How do we apply these insights to the challenge of encouraging public support for adaptation? 
I liked this image with Ropeik's post as well.  
And it gives me a nice image to post with the link on Facebook.  
And you can do that too, you know.
(Hint, hint).

Reading Ropeik's words got me thinking about a post I wrote a few weeks ago: What can we learn from public health education initiatives?  There are some clear parallels here.  And it got me thinking about another realm for useful metaphors.

Ropeik's bulleted list applies to climate change, selected health issues, and to saving for retirement.

I'm 47.  It will take a while for decisions about saving for retirement to have a huge effect on me.  

I'm 47.  It will take a while for decisions about climate change to have a huge effect on me.

I wonder what we can learn from effective campaigns to get folks to save for their retirement.  Unfortunately, like in realms of public health, there aren't as many successful campaigns to point to as I'd like.  My wife reminds me with some regularity that we're not saving enough for retirement.  That doesn't make us unusual.
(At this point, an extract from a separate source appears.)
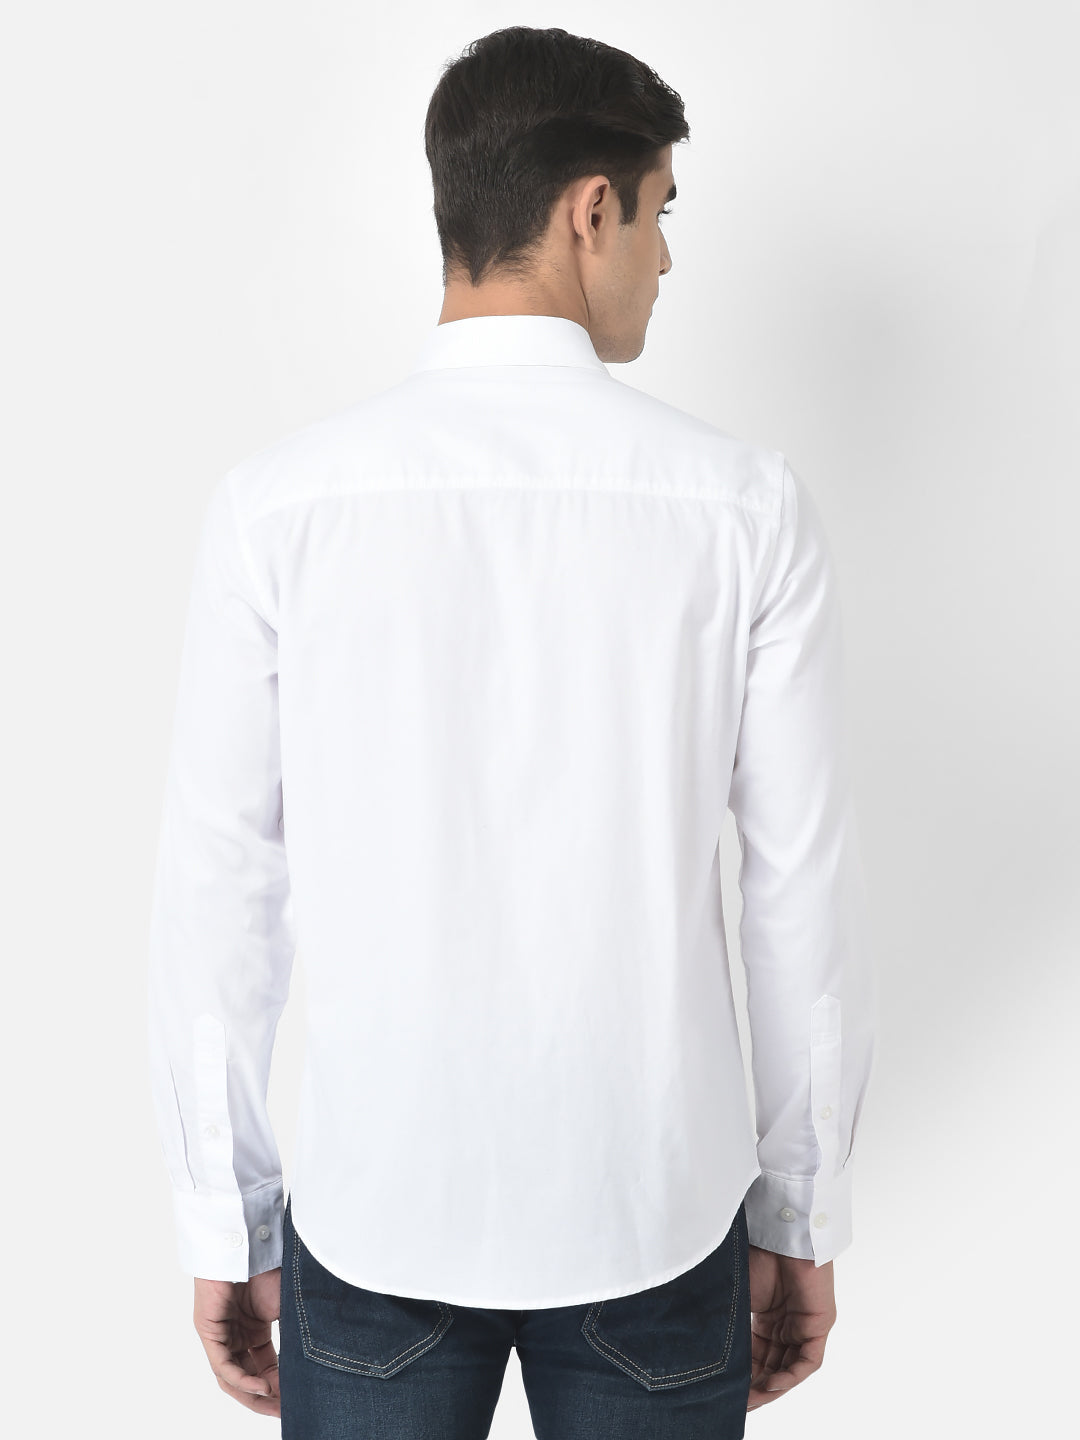  White Button-Down Shirt in Pure Cotton
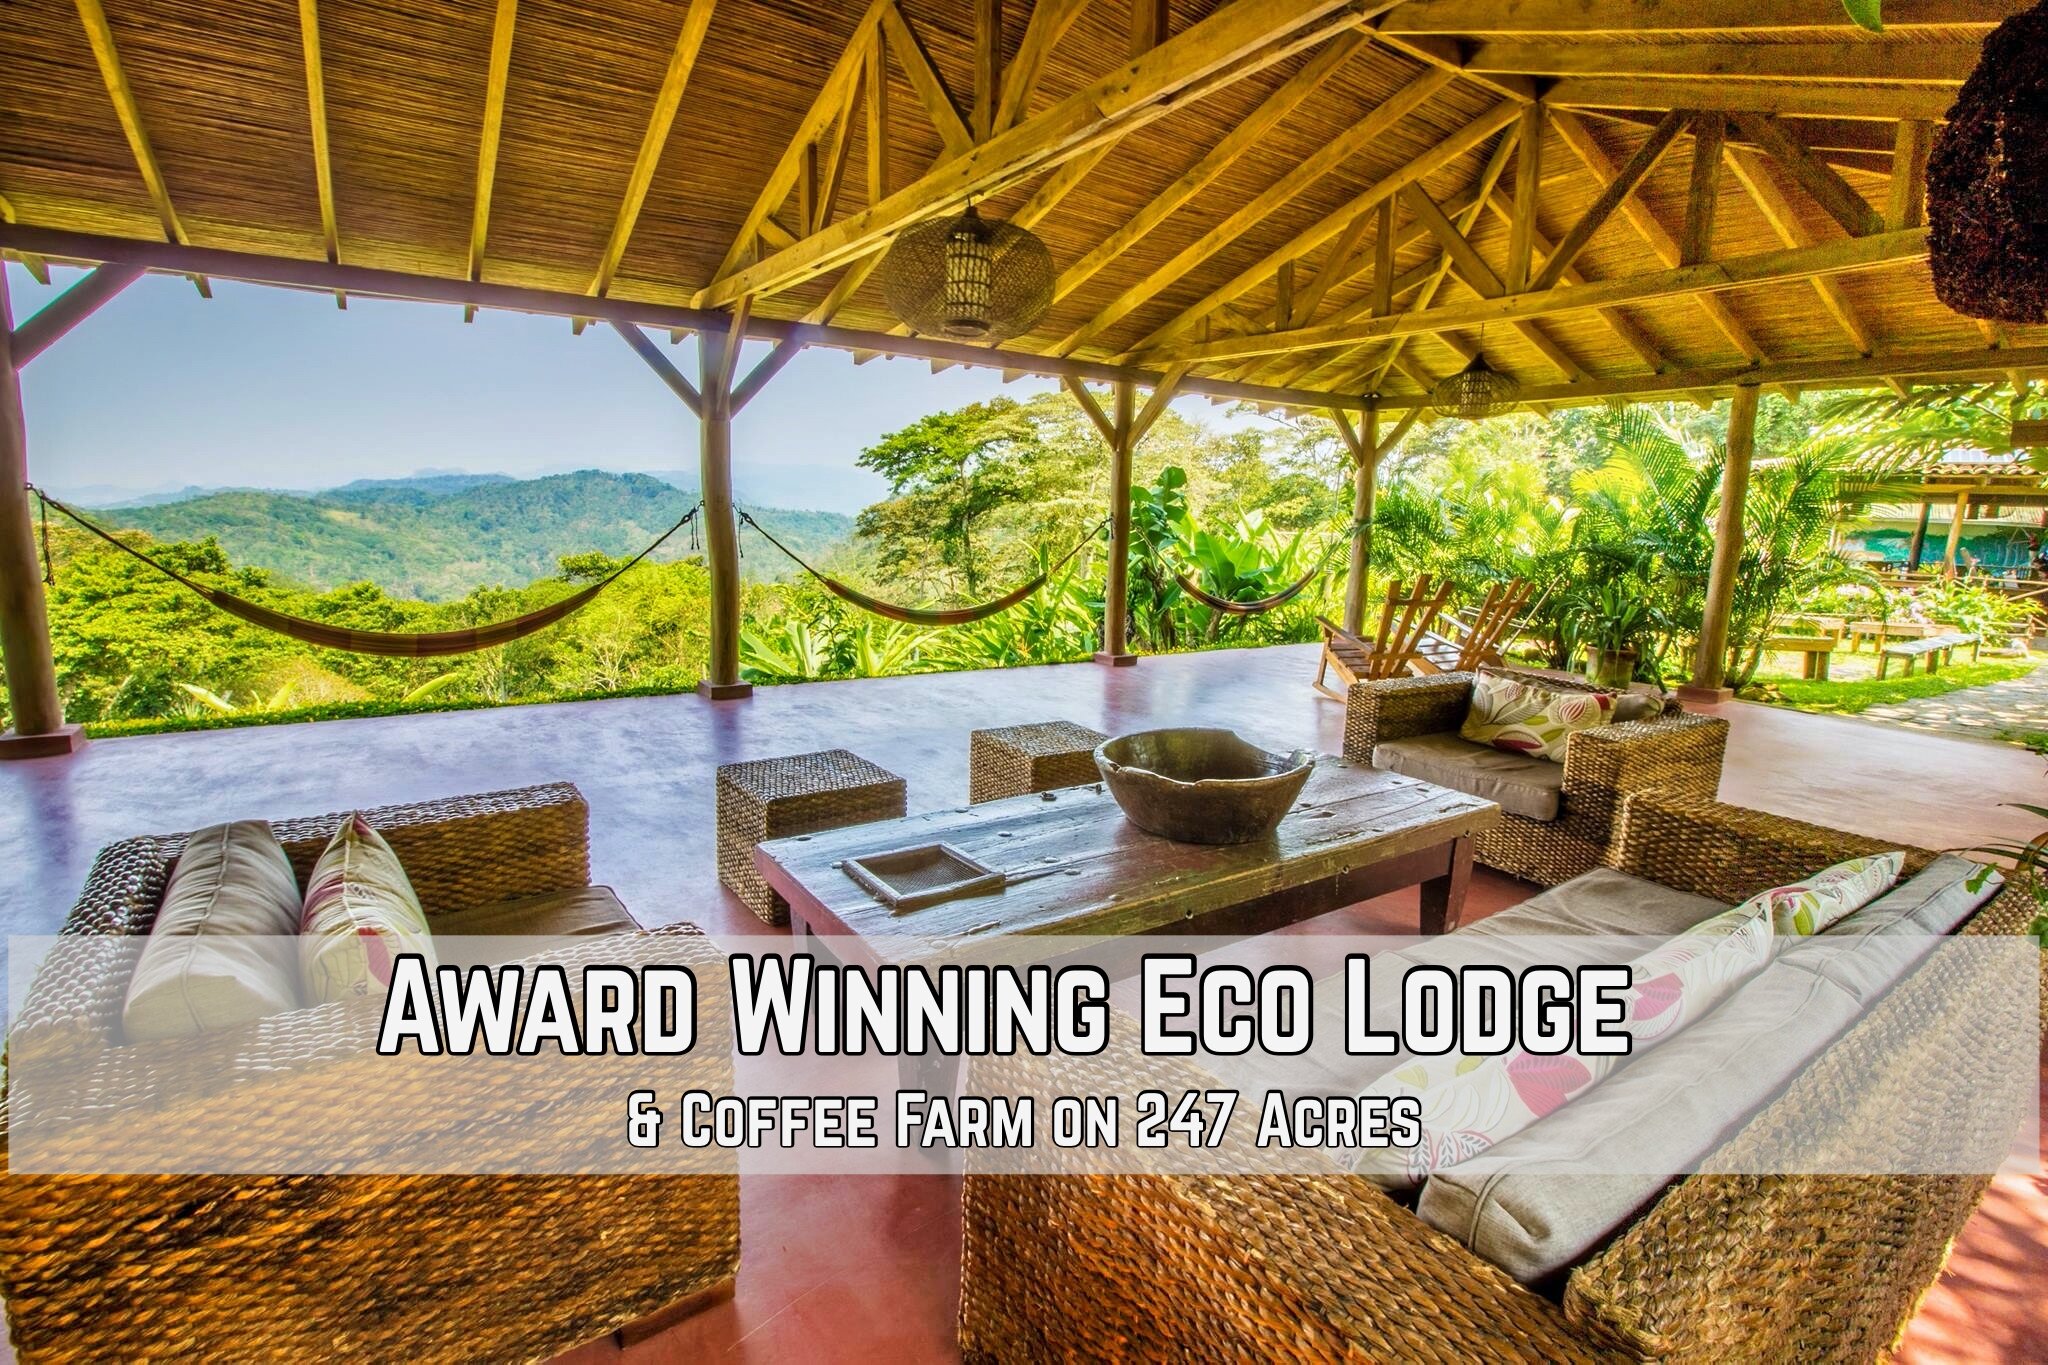 Property for Sale Nicaragua Sustainable Award Winning Eco Lodge With Coffee Farm 9.jpg

I could snidely say that makes us American.  But I won't.

Each of those bullets above applies both to climate change and to retirement saving.  Read the list again and think about how they apply.

You know I'll wait.

Are you saving enough money for retirement?  If so, what has led you to do that?  If not, what's stopping you?  What do you think will get you to change your savings behavior?

Know that the most obvious answer, "make more money," tends to bring with it its goofy cousin, "spend more money."  Fortunately, you can shoo that goofy cousin away, if you're vigilant.  You can probably find some ways to cut spending now even if you can't make more money.

It just so happens, that many of the things you can do to reduce spending also reduce emissions.  My colleagues and I have written about programs that can reduce your energy costs in this space before (here's one post of many), and simply being more frugal in many ways also goes to saving a reasonable quality of life for your retirement.

You, acting alone, might save sufficient personal financial assets for the future, but we will have to work together to save the shared environmental assets for our shared future.

So, what can we learn from saving for retirement?  What can you teach us about it?